Abstract
Purpose:
Photoreceptors are endowed with directional properties that are expressed by their angular sensitivity to incident light and directionality in retinal imaging known as the Stiles-Crawford effect of the first kind (SCE) and the optical SCE, respectively. Individual photoreceptor tilt can be analyzed by moving the incident light across the pupil when capturing retinal images. The purpose of this study is to examine with numerical analysis and fundus imaging the viability of an alternative quadrant detection scheme in which retinal images are captured through four equal-sized pupil sectors from which individual cone photoreceptor tilts can be derived.
Methods:
A numerical analysis has been performed for directional light scattering from photoreceptor cones in the retinal mosaic modeled as tri-layered structures that represent the location of mitochondria in the ellipsoid, the inner-outer segment junction and the posterior outer segment tip [Vohnsen, Frontiers in Optics (2014) FW5F.5]. Each outer segment has been added random tilt of varying amplitude. Simulated cone mosaic images are calculated through 4 equal-sized sectors in the pupil plane. The numerical predictions are compared with experimental quadrant parafoveal fundus images for healthy subjects.
Results:
The sectored quadrant pupil allows not only determination of total intensity images but also direct determination of local cone photoreceptor tilts (which may differ from their psychophysically relevant tilts) in two orthogonal directions using the sectored backscattered light intensity.
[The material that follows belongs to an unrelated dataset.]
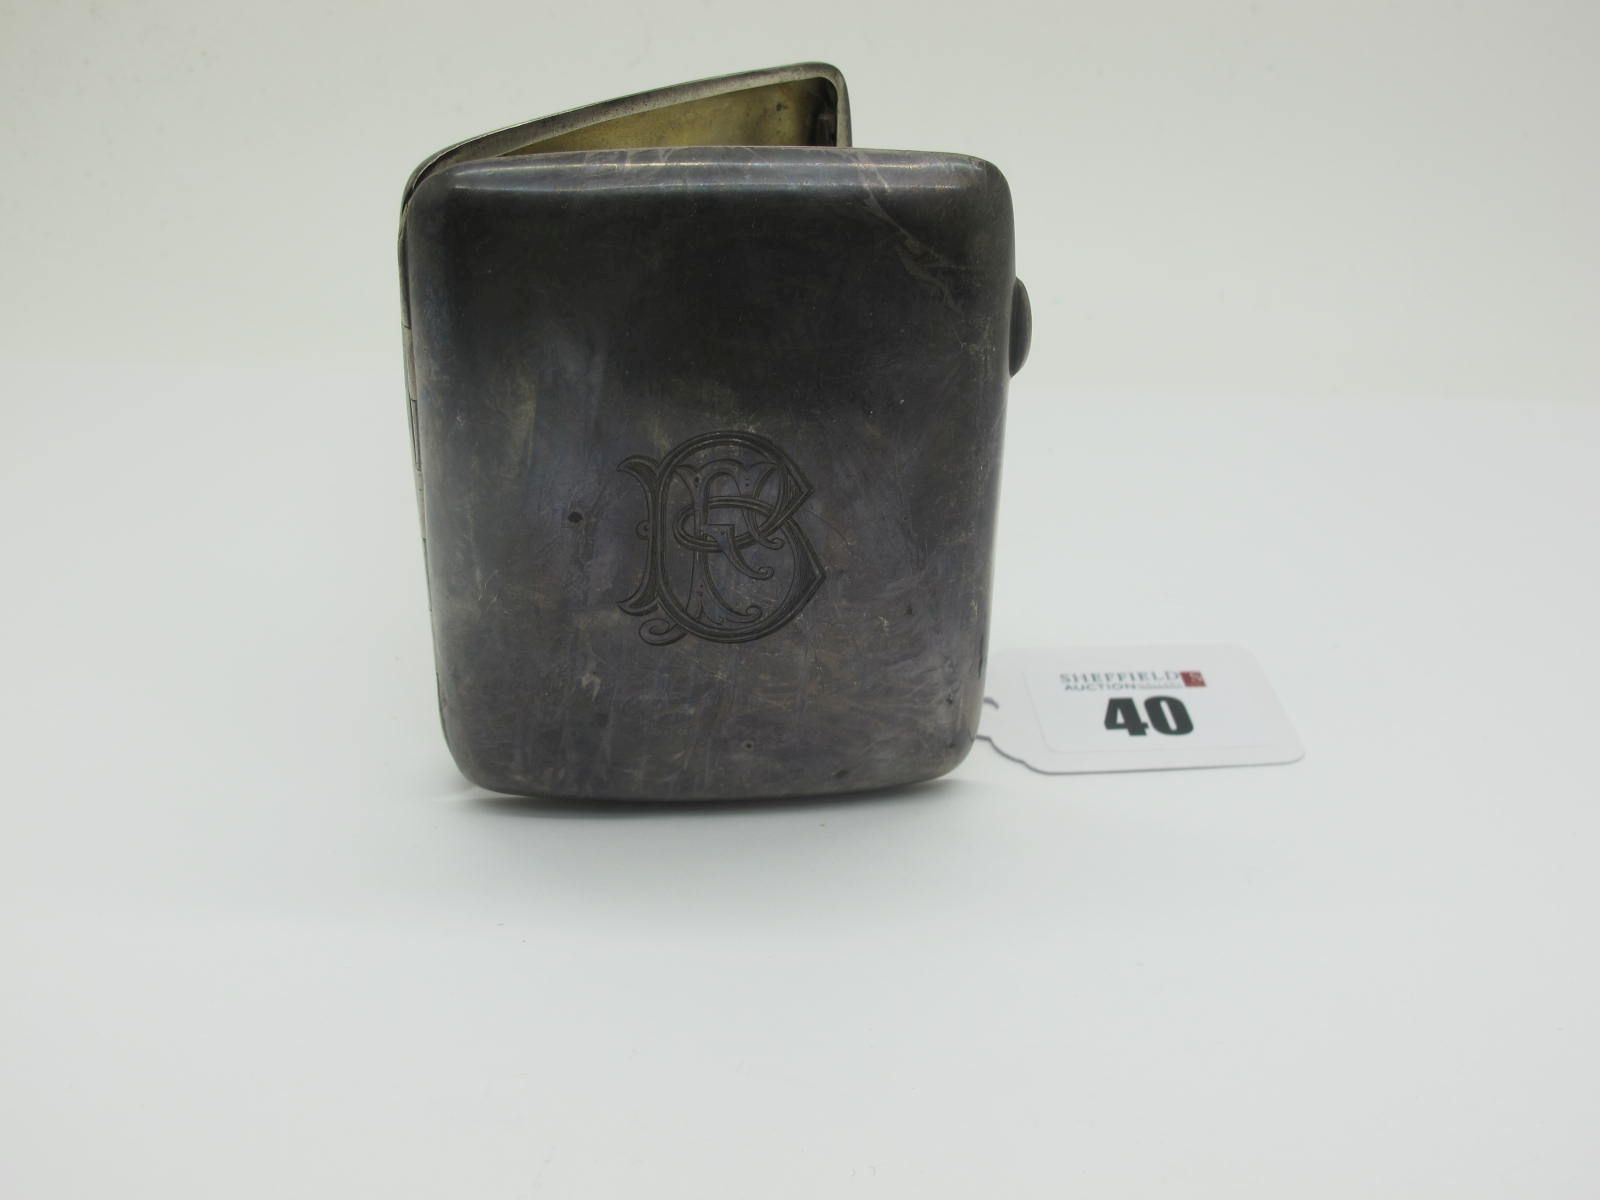 A Hallmarked Silver Cigarette Case, monogrammed (dents).

It is found that the method is highly suited to determine tilt without requiring displacement of the incident light in the pupil plane whereby the analysis becomes simplified although it requires proper centration with respect to the SCE peak location. Retinal images in the healthy subjects show only small photoreceptor tilts in the parafoveal region but confirm the potential of the technique.
Conclusions:
The numerical analysis shows that the quadrant pupil detection is suitable for rapid detection of individual photoreceptor tilts in the photoreceptor mosaic of less than 1 degree. With proper optimization this may have clinical potential for analysing perturbations caused by drusen and retinal disease that may alter the pointing of the photoreceptors causing a resulting deterioration of vision.